● **WORK TO BE COMPLETED**: Exact transcription of the data below is required, without the images.

● **SUPPLIED DATA**:
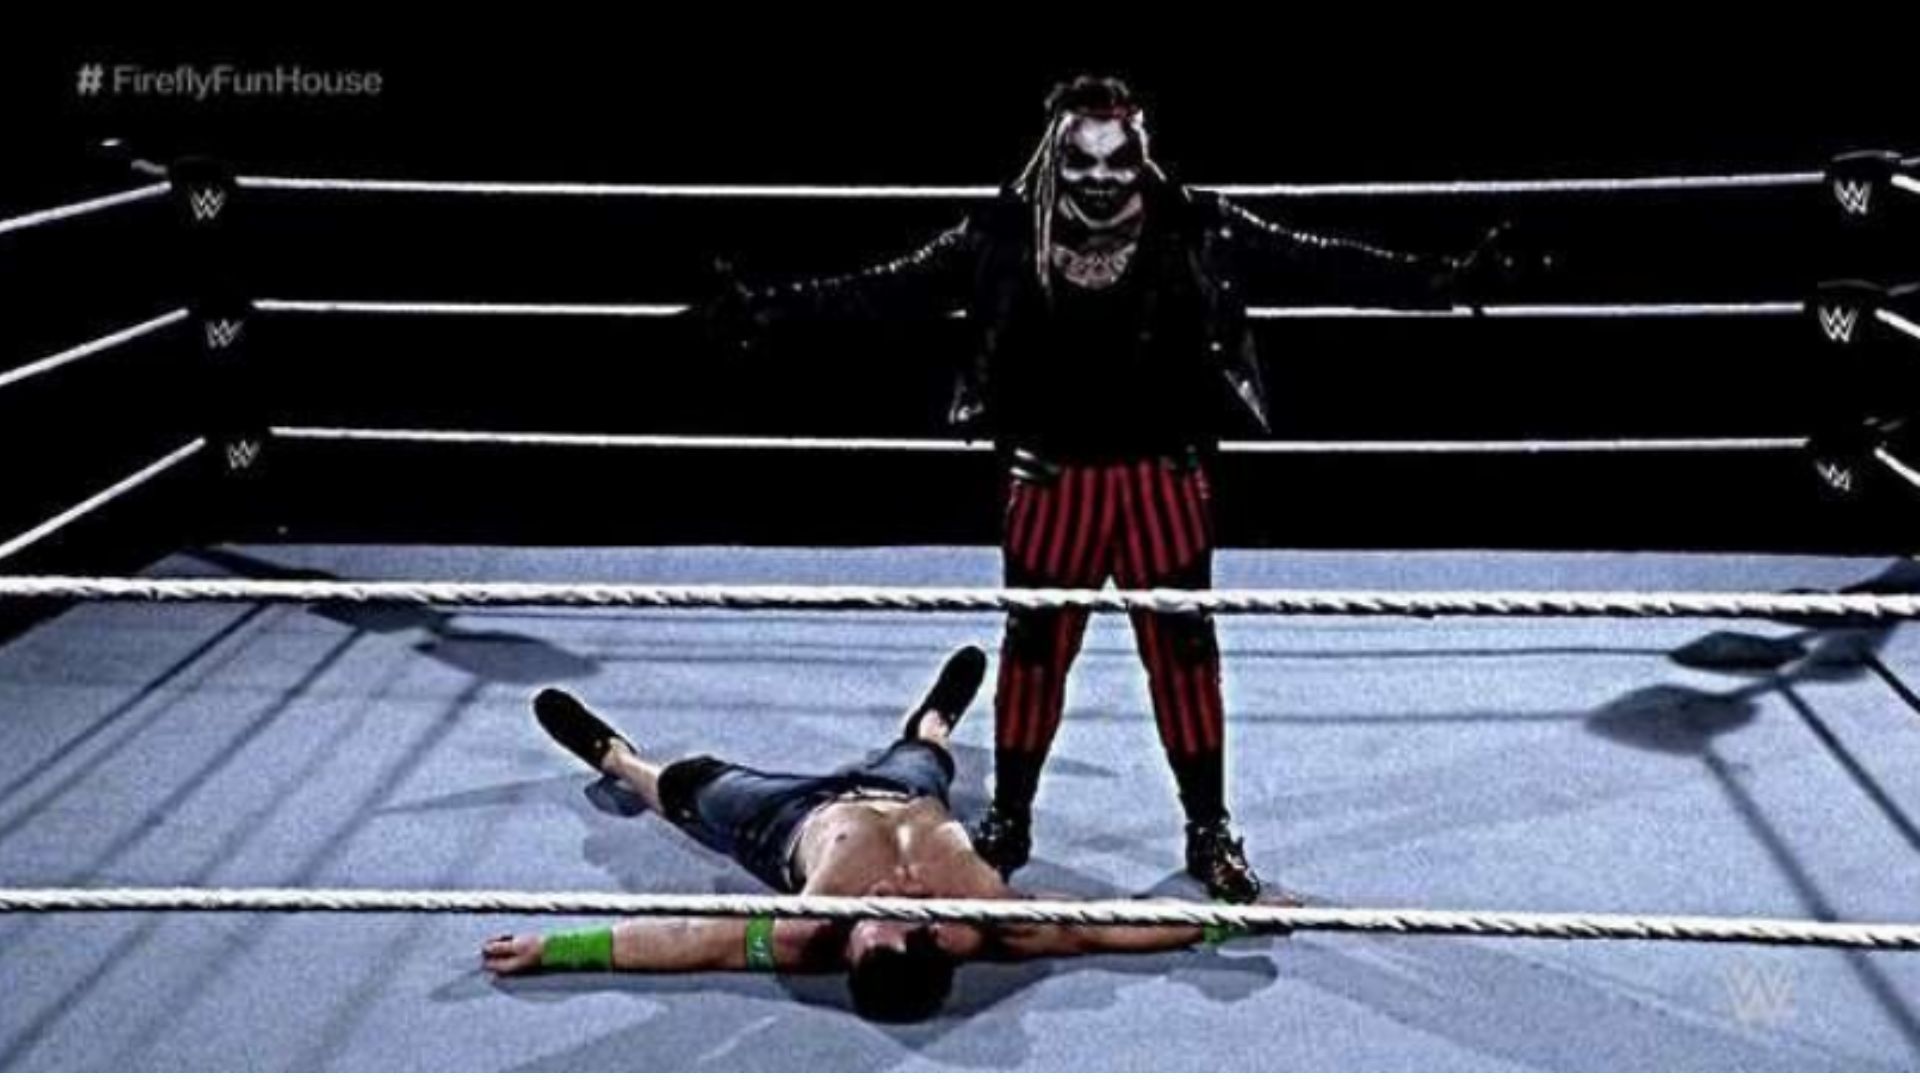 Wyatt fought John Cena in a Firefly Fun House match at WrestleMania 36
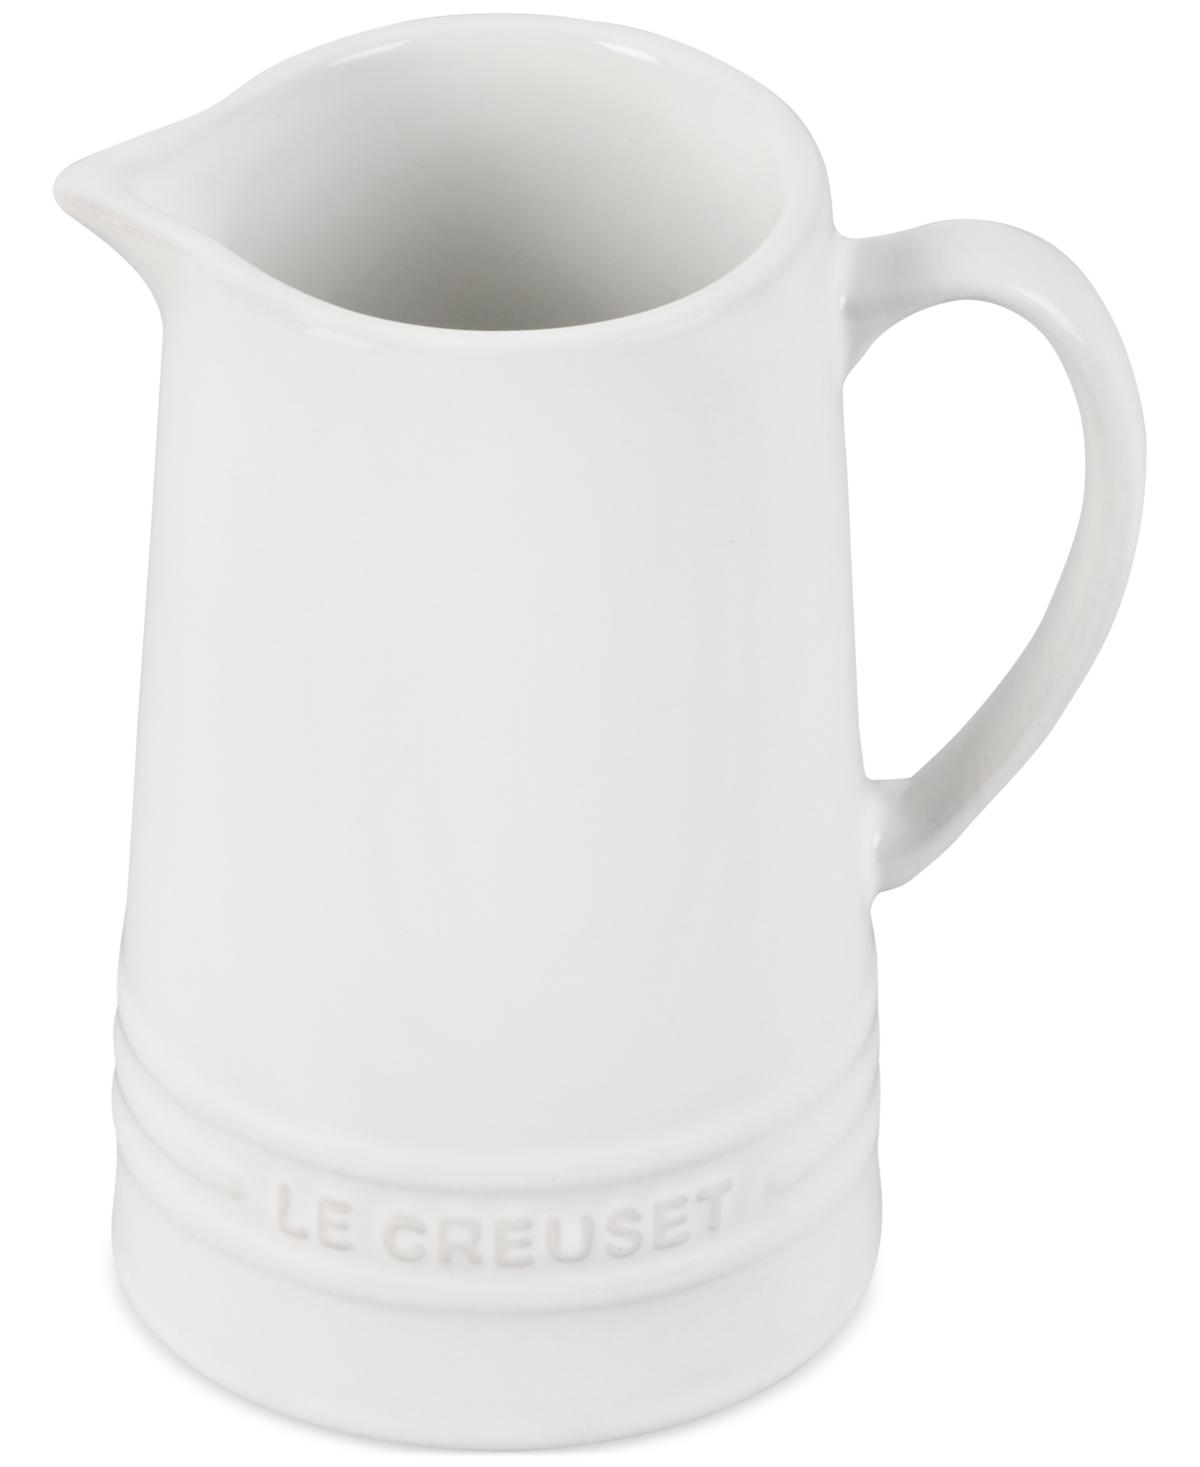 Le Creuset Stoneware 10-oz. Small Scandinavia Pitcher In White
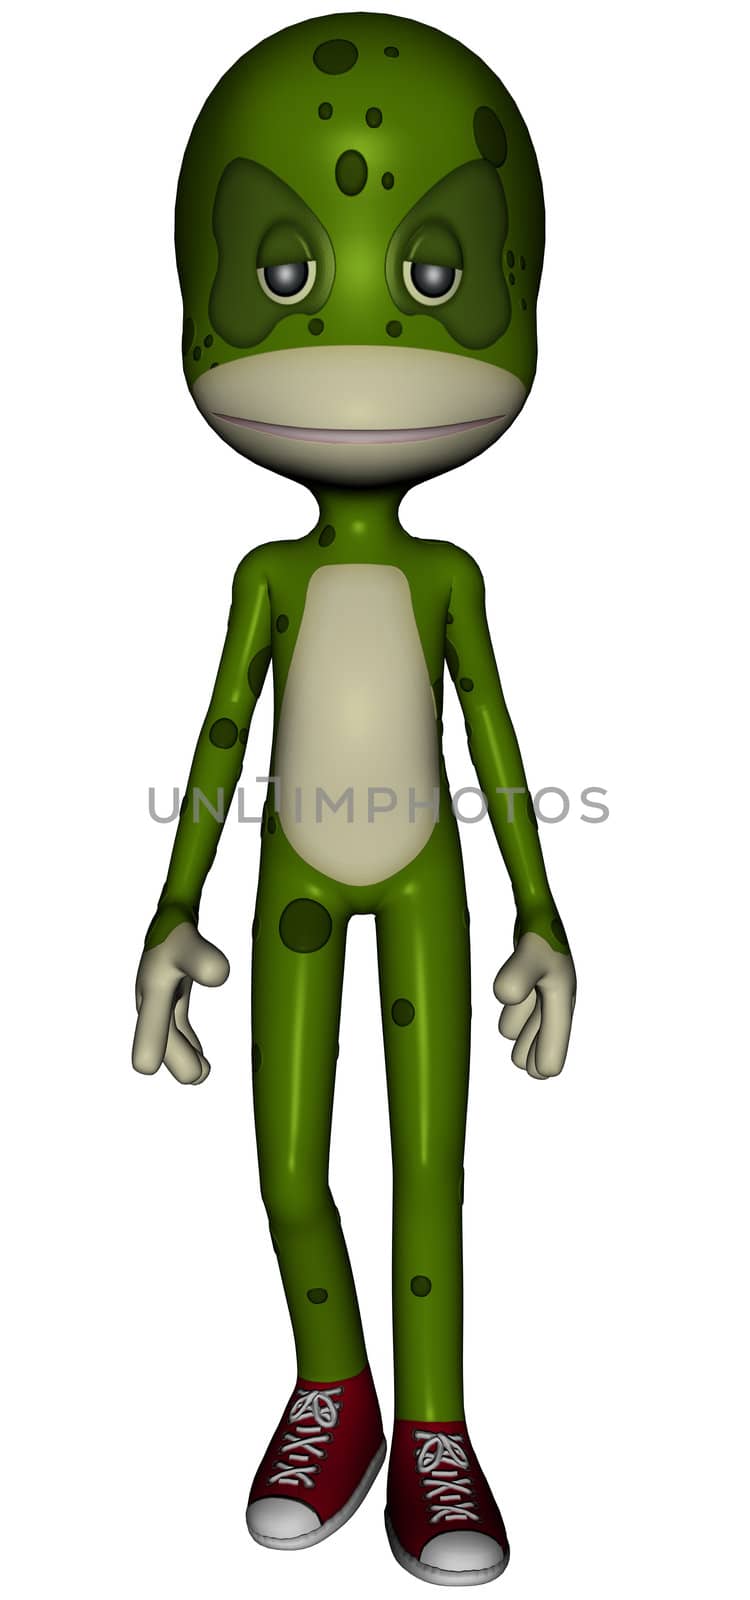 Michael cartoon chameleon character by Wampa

● **REPLY TO THE TASK**:
 Wyatt fought John Cena in a Firefly Fun House match at WrestleMania 36
 Le Creuset Stoneware 10-oz. Small Scandinavia Pitcher In White
 Michael cartoon chameleon character by Wampa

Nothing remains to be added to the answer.